How to prove $\lim_{n\to \infty} \prod_{i=0}^{n-1} $ $(2+\cos \frac{i \pi}{n})^{\frac{\pi}{n}}$=$\sqrt{3}$ by the sum form of a integration? The integral seems like 
$$
\exp\left(\int_{0}^{\pi}\left[\ln(2+\cos\left(x\right)\right)]\,{\rm d}x\right)
$$
but the above will be a number bigger than $5$ by appraisement.

 A: Taking log, 
\begin{align*}
\log \left( \prod_{i=0}^{n-1}   \left( 2 + \cos \left( \frac{i \pi}{ n } \right ) \right )^{\frac \pi n}\right ) &= 
\sum_{i=0}^{n-1} \frac \pi n  \log \left(  2 + \cos \left( \frac{ i \pi}{n}\right ) \right ) \\ 
 &= \pi  \cdot \frac {1}{n } \sum_{i=0}^{n-1}  \log \left(  2 + \cos \left( \frac{ i \pi}{n}\right ) \right )\\
\end{align*} 
Taking limit 
$$\lim_{n\to\infty } \frac \pi  n \sum_{i=0}^{n-1}  \log \left(  2 + \cos \left( \frac{ i \pi}{n}\right ) \right )  =  \int_0^\pi \log(2 + \cos(x))dx  = \pi  \log \left(\frac{1}{2} \left(2+\sqrt{3}\right)\right) $$
Taking back to $e$, we get 
$$\lim_{n \to \infty } \prod_{k=0}^\infty \left( 2 + \cos \left( \frac{i \pi }{n } \right ) \right )^{\frac \pi n } = e^{\pi  \log \left(\frac{1}{2} \left(2+\sqrt{3}\right)\right) } = \left( \frac 1 2 (  2 + \sqrt 3) \right )^\pi $$
Putting

N[Product[(2 + Cos[k Pi/10^3])^(Pi/10^3), {k, 0, 10^3}]]

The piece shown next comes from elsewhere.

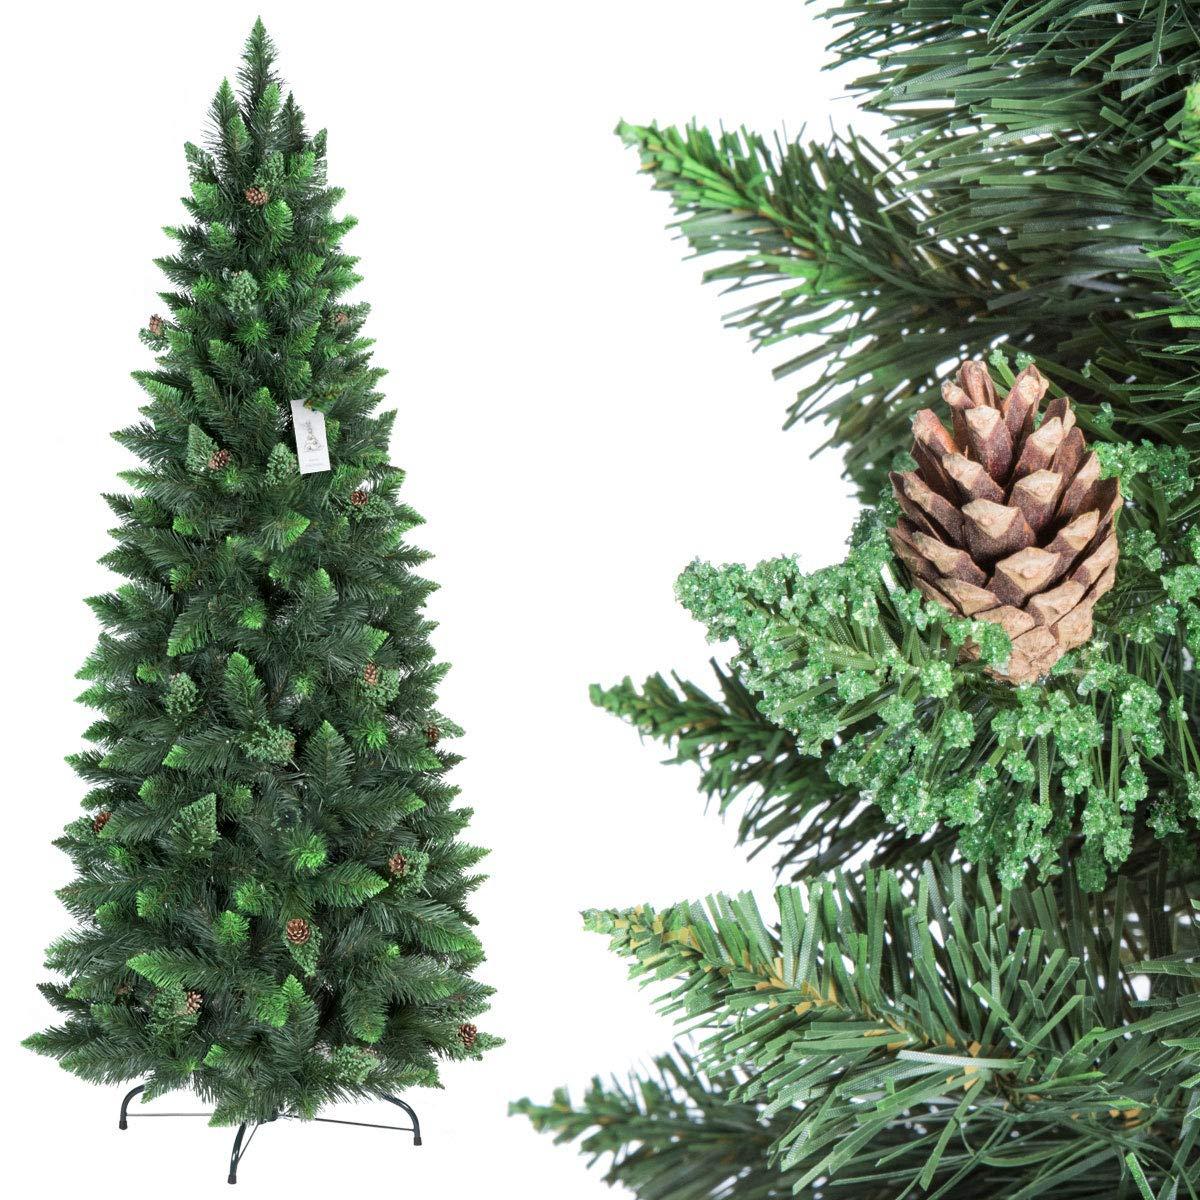 FairyTrees Artificiale Albero di Natale Slim, Pino Verde Naturale, Materiale PVC, Vere pigne, incl. Supporto in Metallo, 150cm, FT08-150

on Mathematica produces the value of $7.10988$ which is close to our calculated value so I think what you claim on title must be false.
To evaluate the integral, we proceed in the following way.
$$\int_0^{\pi}  \log \left( 2 + \cos(\theta) \right )d\theta  = \frac 1 2 \int_{-\pi}^{\pi} \log \left( 2 + \cos(\theta) \right )d\theta  = \frac{1}{2} \int_0^{2\pi} \log(2 + \cos(\theta))d\theta $$
From Gauss MVT we get, 
$$\int_0^{2\pi } \left(\log ( \sqrt 3 + 2 + e^{i\theta})+\log ( \sqrt 3 +  2 + e^{-i\theta}) \right ) d\theta  = 4 \pi  \log (\sqrt 3 + 2 )$$
\begin{align*}
 4 \pi  \log (\sqrt 3 + 2 ) &=\int_0^{2\pi } \left(\log (\sqrt 3  + 2 + e^{i\theta})+\log (\sqrt 3 +  2 + e^{-i\theta}) \right ) d\theta \\ 
 &= \int_0^{2\pi} \log \left( ( \sqrt 3+2 )^2 + 1 + ( \sqrt 3 +2)2 \cos \theta  \right )d\theta\\ 
 &= \int_0^{2\pi } \log \left( 4(2 + \sqrt 3) + 2 (2 + \sqrt 3) \cos (\theta) \right )  d\theta \\ 
 &=  \int_0^{2\pi }\log(2(2 + \sqrt 3))d\theta + \int_0^{2\pi } \log(2 + \cos\theta)d\theta\\  
 &= 2 \pi \log (2 (2 + \sqrt 3 )) + \int_0^{2\pi } \log(2 + \cos\theta)d\theta \\  
\end{align*}
Which gives 
$$2\pi \log \left( \frac{(2 + \sqrt 3 )^2}{2 (2 + \sqrt 3 )}\right )= \int_0^{2\pi } \log(2 + \cos\theta)d\theta $$
Taking half of it give the value of our integral as evaluated by Mathematica earlier.

$$\pi \log \left( \frac{2 + \sqrt 3 }{2 }\right )= \int_0^{\pi } \log(2 + \cos\theta)d\theta $$